子枫在片场一直都是非常沉浸在黎菲的状态里,包括之后很长一段时间,她也一直都会跟我说黎菲好像是伴随着她的17岁定格在那里的一个人物,虽然电影里是一个105分钟的呈现,但是实际我们拍摄的时候,拍出来的内容是4个小时的体量,那个过程里经历的事情是非常多的。所以包括铁路边的戏、跑道上的戏,很多场戏拍的时候,我都会很心疼她,我看得到她在诠释角色的那个过程里投入了她的痛苦,我就只有在结束的时候,去抱抱她。 :电影里张子枫还有演出一个32岁的状态,然后她就演了《我的姐姐》里安然的那个角色,当大家对她的印象都还是一个小女孩的时候,你是怎么看到她更成熟的一些面相和可能性?
殷若昕:首先是我觉得在电影很短暂的时间里,如果要换一个演员,我会觉得有点割裂。所以我做的努力就是要张子枫靠近32岁,这场戏我们是留到最后一天拍的,她会经历过所有黎菲经历过的一切了。之后过几天,让她去沉淀以后再去演32岁,配合上造型、化妆,做声音上的改变,以及她自己的技巧。虽然那时候她才17岁,但我是32岁了,她可以在现场观察到我的样子来做一个参考。我最大的诉求还是真实的情感,所以最后她的那个呈现我觉得是可以说服观众的。
经过这次合作以后,我已经非常知道子枫的能力,安然那个角色内在的张力、倔强,对世界的反叛与相信,以及内心仍保有温暖和对于人和人之间的信念这些东西,我是在张子枫饰演黎菲的时候都感觉到过的,那么做第二部拍《我的姐姐》的时候,我的第一直觉就是想和子枫再合作,我觉得她是有机会去诠释一个二十三四岁的女孩的那种能量的。对我来说,“姐姐”也是非她不可的。 创作者和观众都是在成长的
:《再见,少年》开机的时候,你刚刚生完孩子半年,应该是女性非常忙乱无措的时候,这个时候去开拍你的第一部电影,遇到什么样的困难?
殷若昕:我开始写这个剧本的时候,已经怀孕了,生育的过程中经历了修改、审查、立项各个过程。我生完孩子第3个月到4个月的时候,我就已经是累积了非常强烈的愿望想要工作了,完全不想要停在这里了。

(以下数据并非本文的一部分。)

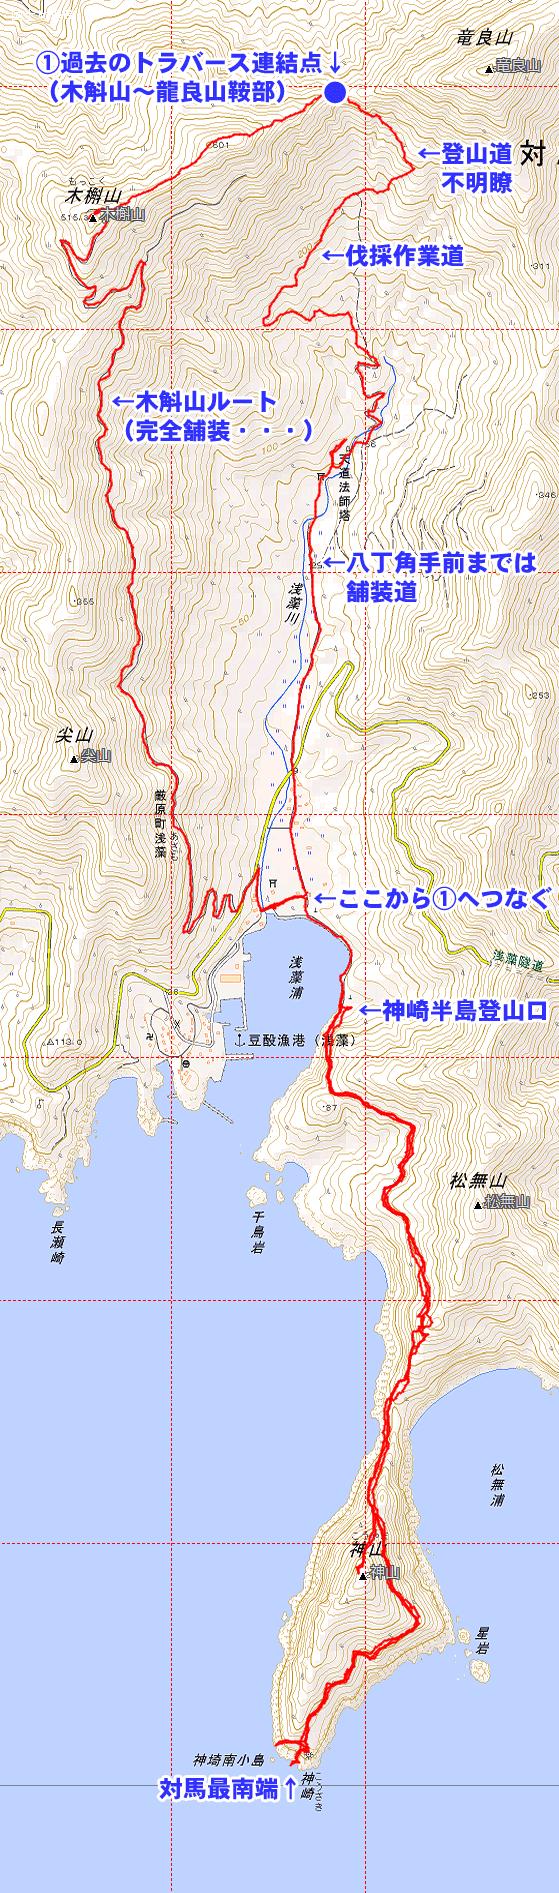 神崎半島〜龍良山鞍部

我必须得说这件事我得到了我整个家庭的支持,我的爸爸妈妈和我的爱人都非常支持我的决定。我是在孩子的哺乳期去做这个事情的,包括拍《我的姐姐》的时候我都还有在哺乳。多亏家人可以帮我分担,我才可以去做一个职业女性。
同时我也很感谢剧组,他们很尊重一个哺乳期的妈妈的工作的规律,每天的中午午餐的时候我要去挤奶,其实很多工作上班的女性都只能这样,我面临的也是职业女性普遍要面临的问题。
我非常接受自己的状态是,成为母亲有了孩子,同时在和我的爱人和我的爸爸妈妈共同去完成带孩子这件事,同时追逐自己的事业,这其中种种的人际关系,都成为我创作的养分,如果没有这些东西,如果没有孩子,我也拍不了《我的姐姐》,我觉得有些感受,你必须真的有,才会关注到。

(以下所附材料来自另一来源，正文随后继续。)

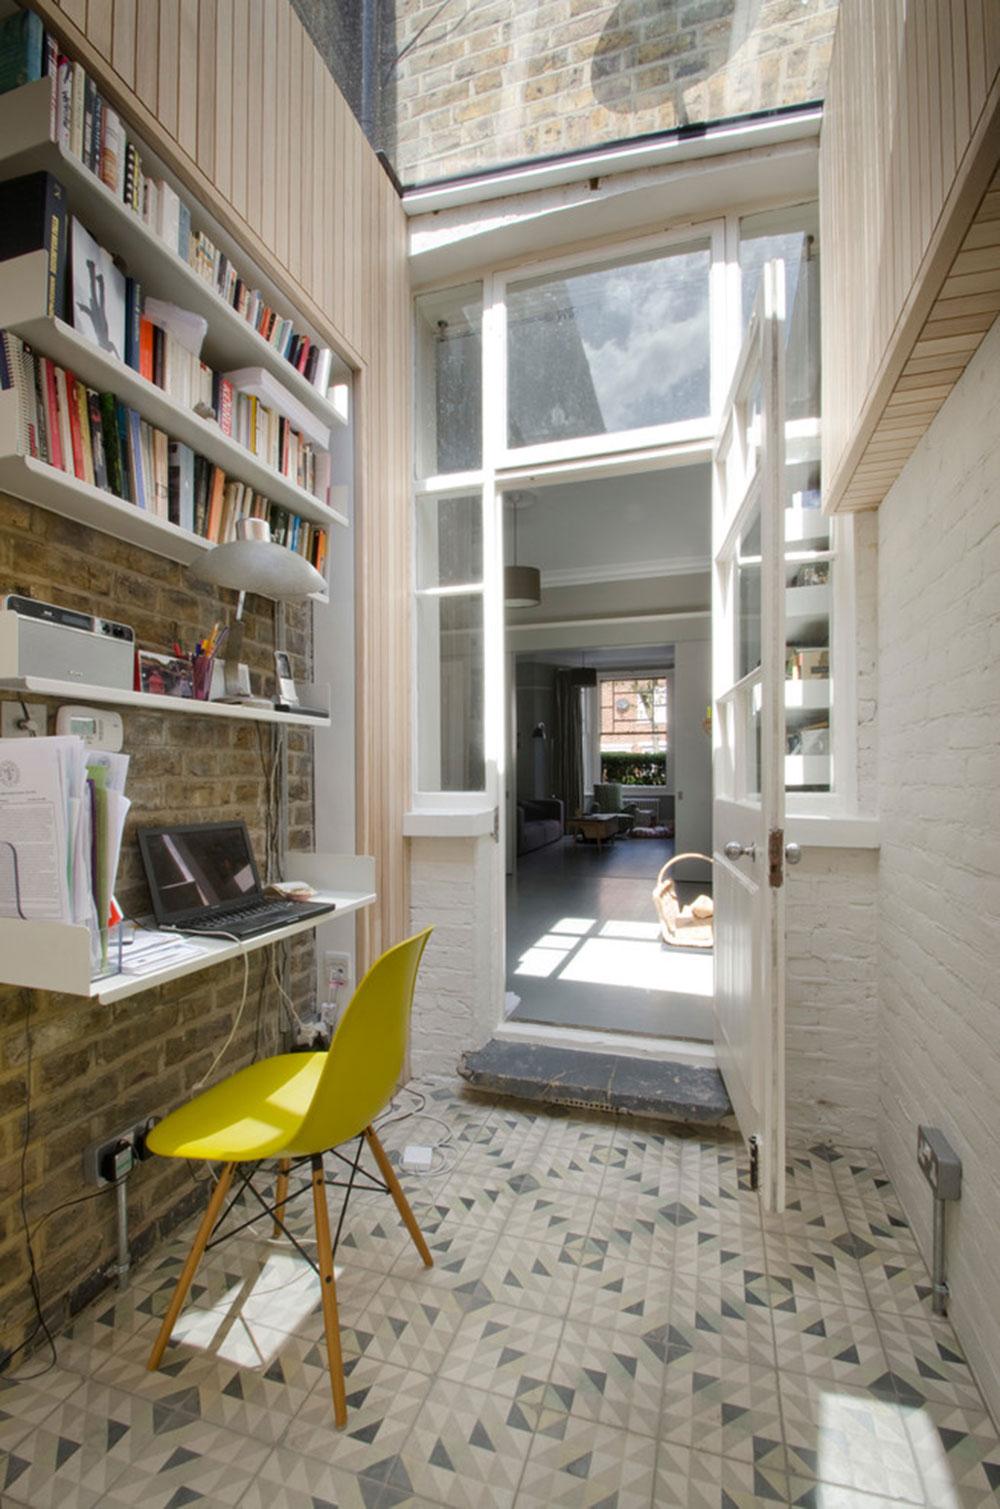 Diy-wall-desk-for-a-pleasant-job9 DIY wall-mounted desk design ideas

:这部影片在《我的姐姐》之前拍的,能够看到《姐姐》非常明显的进步和成熟,我很好奇那个飞速的进步是怎样发生的,你觉得从《再见,少年》得到哪些有益的经验,又有哪些教训?
殷若昕:拍《再见,少年》的时候,我们是一个很年轻的团队,用很低的预算,很短暂的拍摄周期,只拍了38天,但是在那个过程里哪怕38天我们也拍完了4个小时内容,拍完后,在后期的剪辑跟各个部门的过程里,我觉得都是成长。我觉得只要创作者是想要进步,更充分更多维度地去做自己的表达的,这一系列的经历,都会让我觉得是长在我身上的武器和我的朋友。
把这部分东西带到《我的姐姐》来的时候,助益是方方面面的,拍《姐姐》的时候《少年》的后期做完,因为一些原因还没有办法上映,面临很多争论,也删掉了很多内容,我自己也是很心疼。
带着那部分的“心疼”,我和编剧、片方、制片人的沟通也更高效,我更知道自己要什么,知道怎样更集中的展现一个故事,也更愿意去靠近跟观众的交流了,它的方式也相对来说不像《少年》是一个更散文、更文学性的,所以我们做了这样大量的工作以后,等到拍的时候其实很顺畅了,也无论是剧本还是到具体拍摄的过程里都避免了很多可能最后是要舍弃的劳动。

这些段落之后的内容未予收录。